TASK ITEM → Repeat each entry in full, exactly.

Stored dataset items →
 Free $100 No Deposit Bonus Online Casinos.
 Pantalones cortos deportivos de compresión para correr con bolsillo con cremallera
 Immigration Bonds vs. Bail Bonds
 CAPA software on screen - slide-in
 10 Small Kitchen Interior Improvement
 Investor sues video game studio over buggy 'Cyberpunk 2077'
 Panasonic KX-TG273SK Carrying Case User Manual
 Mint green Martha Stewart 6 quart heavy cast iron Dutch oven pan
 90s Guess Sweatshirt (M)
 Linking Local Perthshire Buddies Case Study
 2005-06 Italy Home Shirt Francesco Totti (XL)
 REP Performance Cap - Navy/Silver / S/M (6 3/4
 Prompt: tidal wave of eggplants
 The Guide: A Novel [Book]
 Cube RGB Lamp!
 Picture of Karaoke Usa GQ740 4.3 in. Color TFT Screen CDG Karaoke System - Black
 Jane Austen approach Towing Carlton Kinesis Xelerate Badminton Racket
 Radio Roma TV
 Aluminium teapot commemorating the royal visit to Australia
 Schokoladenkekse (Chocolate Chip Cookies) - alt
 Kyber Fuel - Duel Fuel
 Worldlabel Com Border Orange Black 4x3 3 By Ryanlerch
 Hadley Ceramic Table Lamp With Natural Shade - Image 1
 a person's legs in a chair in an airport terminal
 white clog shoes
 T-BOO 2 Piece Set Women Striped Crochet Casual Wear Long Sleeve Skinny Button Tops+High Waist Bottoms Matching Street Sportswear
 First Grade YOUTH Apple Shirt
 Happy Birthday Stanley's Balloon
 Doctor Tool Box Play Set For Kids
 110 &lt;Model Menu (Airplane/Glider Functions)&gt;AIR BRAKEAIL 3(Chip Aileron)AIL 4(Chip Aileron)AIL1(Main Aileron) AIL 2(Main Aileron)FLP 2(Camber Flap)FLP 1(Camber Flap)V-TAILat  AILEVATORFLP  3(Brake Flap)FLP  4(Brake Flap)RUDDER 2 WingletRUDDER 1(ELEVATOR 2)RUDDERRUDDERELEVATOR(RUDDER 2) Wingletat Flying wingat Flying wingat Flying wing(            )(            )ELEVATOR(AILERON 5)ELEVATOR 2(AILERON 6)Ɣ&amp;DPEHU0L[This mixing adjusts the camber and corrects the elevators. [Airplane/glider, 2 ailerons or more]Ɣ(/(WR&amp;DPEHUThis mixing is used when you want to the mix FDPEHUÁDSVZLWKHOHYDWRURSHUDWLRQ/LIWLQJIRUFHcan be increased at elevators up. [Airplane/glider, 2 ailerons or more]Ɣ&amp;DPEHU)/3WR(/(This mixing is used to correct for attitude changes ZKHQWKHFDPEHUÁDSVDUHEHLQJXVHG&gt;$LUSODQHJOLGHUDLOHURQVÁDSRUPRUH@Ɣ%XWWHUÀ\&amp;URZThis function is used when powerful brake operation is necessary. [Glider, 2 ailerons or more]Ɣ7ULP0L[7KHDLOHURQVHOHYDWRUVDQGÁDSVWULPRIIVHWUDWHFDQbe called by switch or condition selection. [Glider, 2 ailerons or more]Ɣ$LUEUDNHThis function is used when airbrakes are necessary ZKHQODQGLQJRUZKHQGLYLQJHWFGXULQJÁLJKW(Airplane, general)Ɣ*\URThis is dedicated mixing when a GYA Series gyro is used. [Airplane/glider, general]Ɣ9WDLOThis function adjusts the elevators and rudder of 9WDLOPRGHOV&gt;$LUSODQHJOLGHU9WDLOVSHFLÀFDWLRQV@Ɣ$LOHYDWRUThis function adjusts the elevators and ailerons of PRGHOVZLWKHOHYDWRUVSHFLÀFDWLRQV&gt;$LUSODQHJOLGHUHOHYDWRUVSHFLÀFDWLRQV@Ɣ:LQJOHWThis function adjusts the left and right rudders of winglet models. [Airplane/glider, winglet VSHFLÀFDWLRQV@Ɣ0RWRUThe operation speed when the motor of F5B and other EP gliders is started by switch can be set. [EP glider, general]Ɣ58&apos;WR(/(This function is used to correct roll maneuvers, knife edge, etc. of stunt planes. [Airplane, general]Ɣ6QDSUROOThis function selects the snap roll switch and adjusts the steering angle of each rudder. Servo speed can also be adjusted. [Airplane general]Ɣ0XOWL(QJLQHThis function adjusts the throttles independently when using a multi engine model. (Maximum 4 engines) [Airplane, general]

EXPECTED ANSWER →
 Free $100 No Deposit Bonus Online Casinos.
 Pantalones cortos deportivos de compresión para correr con bolsillo con cremallera
 Immigration Bonds vs. Bail Bonds
 CAPA software on screen - slide-in
 10 Small Kitchen Interior Improvement
 Investor sues video game studio over buggy 'Cyberpunk 2077'
 Panasonic KX-TG273SK Carrying Case User Manual
 Mint green Martha Stewart 6 quart heavy cast iron Dutch oven pan
 90s Guess Sweatshirt (M)
 Linking Local Perthshire Buddies Case Study
 2005-06 Italy Home Shirt Francesco Totti (XL)
 REP Performance Cap - Navy/Silver / S/M (6 3/4
 Prompt: tidal wave of eggplants
 The Guide: A Novel [Book]
 Cube RGB Lamp!
 Picture of Karaoke Usa GQ740 4.3 in. Color TFT Screen CDG Karaoke System - Black
 Jane Austen approach Towing Carlton Kinesis Xelerate Badminton Racket
 Radio Roma TV
 Aluminium teapot commemorating the royal visit to Australia
 Schokoladenkekse (Chocolate Chip Cookies) - alt
 Kyber Fuel - Duel Fuel
 Worldlabel Com Border Orange Black 4x3 3 By Ryanlerch
 Hadley Ceramic Table Lamp With Natural Shade - Image 1
 a person's legs in a chair in an airport terminal
 white clog shoes
 T-BOO 2 Piece Set Women Striped Crochet Casual Wear Long Sleeve Skinny Button Tops+High Waist Bottoms Matching Street Sportswear
 First Grade YOUTH Apple Shirt
 Happy Birthday Stanley's Balloon
 Doctor Tool Box Play Set For Kids
 110 &lt;Model Menu (Airplane/Glider Functions)&gt;AIR BRAKEAIL 3(Chip Aileron)AIL 4(Chip Aileron)AIL1(Main Aileron) AIL 2(Main Aileron)FLP 2(Camber Flap)FLP 1(Camber Flap)V-TAILat  AILEVATORFLP  3(Brake Flap)FLP  4(Brake Flap)RUDDER 2 WingletRUDDER 1(ELEVATOR 2)RUDDERRUDDERELEVATOR(RUDDER 2) Wingletat Flying wingat Flying wingat Flying wing(            )(            )ELEVATOR(AILERON 5)ELEVATOR 2(AILERON 6)Ɣ&amp;DPEHU0L[This mixing adjusts the camber and corrects the elevators. [Airplane/glider, 2 ailerons or more]Ɣ(/(WR&amp;DPEHUThis mixing is used when you want to the mix FDPEHUÁDSVZLWKHOHYDWRURSHUDWLRQ/LIWLQJIRUFHcan be increased at elevators up. [Airplane/glider, 2 ailerons or more]Ɣ&amp;DPEHU)/3WR(/(This mixing is used to correct for attitude changes ZKHQWKHFDPEHUÁDSVDUHEHLQJXVHG&gt;$LUSODQHJOLGHUDLOHURQVÁDSRUPRUH@Ɣ%XWWHUÀ\&amp;URZThis function is used when powerful brake operation is necessary. [Glider, 2 ailerons or more]Ɣ7ULP0L[7KHDLOHURQVHOHYDWRUVDQGÁDSVWULPRIIVHWUDWHFDQbe called by switch or condition selection. [Glider, 2 ailerons or more]Ɣ$LUEUDNHThis function is used when airbrakes are necessary ZKHQODQGLQJRUZKHQGLYLQJHWFGXULQJÁLJKW(Airplane, general)Ɣ*\URThis is dedicated mixing when a GYA Series gyro is used. [Airplane/glider, general]Ɣ9WDLOThis function adjusts the elevators and rudder of 9WDLOPRGHOV&gt;$LUSODQHJOLGHU9WDLOVSHFLÀFDWLRQV@Ɣ$LOHYDWRUThis function adjusts the elevators and ailerons of PRGHOVZLWKHOHYDWRUVSHFLÀFDWLRQV&gt;$LUSODQHJOLGHUHOHYDWRUVSHFLÀFDWLRQV@Ɣ:LQJOHWThis function adjusts the left and right rudders of winglet models. [Airplane/glider, winglet VSHFLÀFDWLRQV@Ɣ0RWRUThe operation speed when the motor of F5B and other EP gliders is started by switch can be set. [EP glider, general]Ɣ58&apos;WR(/(This function is used to correct roll maneuvers, knife edge, etc. of stunt planes. [Airplane, general]Ɣ6QDSUROOThis function selects the snap roll switch and adjusts the steering angle of each rudder. Servo speed can also be adjusted. [Airplane general]Ɣ0XOWL(QJLQHThis function adjusts the throttles independently when using a multi engine model. (Maximum 4 engines) [Airplane, general]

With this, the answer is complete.